Let’s dive in and create some test data using TileDB.
Install the TileDB pip
module, which should also install the numpy
dependency.
% pip3 install tiledb
Collecting tiledb
Downloading tiledb-0.25.0-cp311-cp311-macosx_11_0_arm64.whl (10.4 MB)
━━━━━━━━━━━━━━━━━━━━━━━━━━━━━━━━━━━━━━━━ 10.4/10.4 MB 2.7 MB/s eta 0:00:00
Collecting packaging
Downloading packaging-23.2-py3-none-any.whl (53 kB)
━━━━━━━━━━━━━━━━━━━━━━━━━━━━━━━━━━━━━━━━ 53.0/53.0 kB 643.1 kB/s eta 0:00:00
Collecting numpy>=1.23.2
Downloading numpy-1.26.3-cp311-cp311-macosx_11_0_arm64.whl (14.0 MB)
━━━━━━━━━━━━━━━━━━━━━━━━━━━━━━━━━━━━━━━━ 14.0/14.0 MB 2.5 MB/s eta 0:00:00
Installing collected packages: packaging, numpy, tiledb
Successfully installed numpy-1.26.3 packaging-23.2 tiledb-0.25.0
Create a test array by running the below Python script, name it tiledb-demo.py
.
import tiledb
import numpy as np
import os, shutil
# Local path
array_local = os.path.expanduser("./tiledb_demo")
# Create a simple 1D array
tiledb.from_numpy(array_local, np.array([1.0, 2.0, 3.0]))
# Read the array
with tiledb.open(array_local) as A:
print(A[:])
Run the script
% python3 tiledb-demo.py
[1. 2. 3.]
This will create a directory called tiledb_demo
to store the actual data.
% ls -l tiledb_demo/
total 0
drwxr-xr-x 3 aj staff 96 Jan 31 05:27 __commits
drwxr-xr-x 2 aj staff 64 Jan 31 05:27 __fragment_meta
drwxr-xr-x 3 aj staff 96 Jan 31 05:27 __fragments
drwxr-xr-x 2 aj staff 64 Jan 31 05:27 __labels
drwxr-xr-x 2 aj staff 64 Jan 31 05:27 __meta
drwxr-xr-x 4 aj staff 128 Jan 31 05:27 __schema
You can continue using it as is but it's no bueno if everything is local because if the local disk or node fails then you lose your entire data.
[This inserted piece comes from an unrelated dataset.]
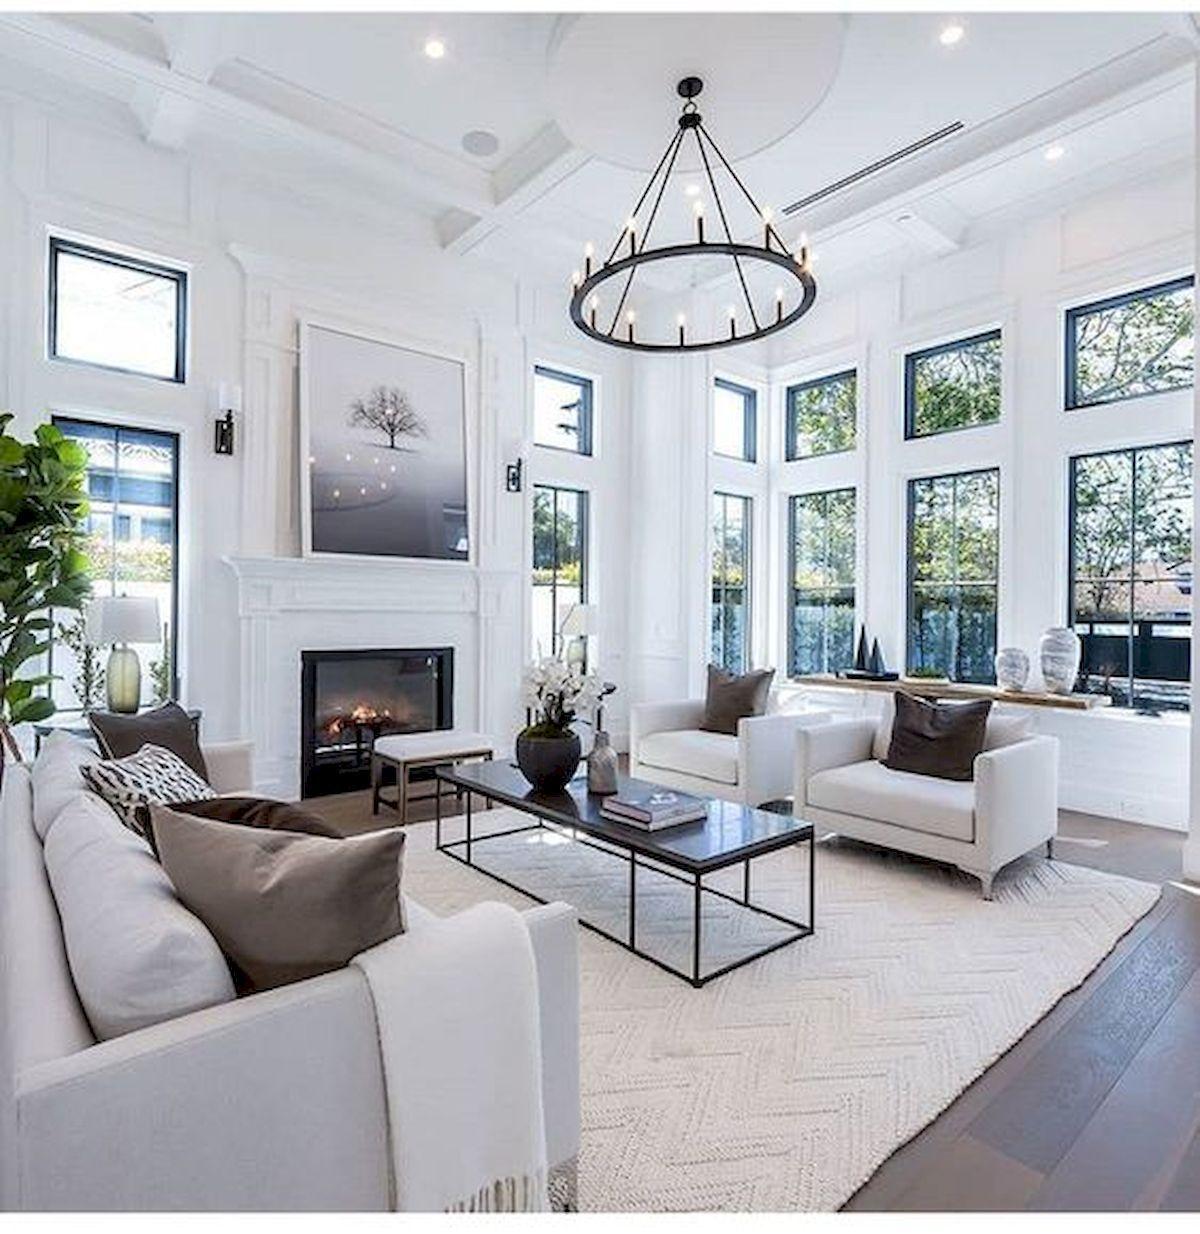 Formal Living Room: 50 Excellent Formal Living Room Decor Ideas And Remodel

Let's do something fun, like reading this same data from a MinIO bucket instead.
We’ll start by pulling mc in our docker ecosystem and then using play.min.io to create the bucket.
Pull mc docker image
% docker pull minio/mc
Test with MinIO Play by listing all the buckets
% docker run minio/mc ls play
[LONG TRUNCATED LIST OF BUCKETS]
Create a bucket to move our local TileDB data to, name it tiledb-demo
.
% docker run minio/mc mb play/tiledb-demo
Bucket created successfully `play/tiledb-demo`.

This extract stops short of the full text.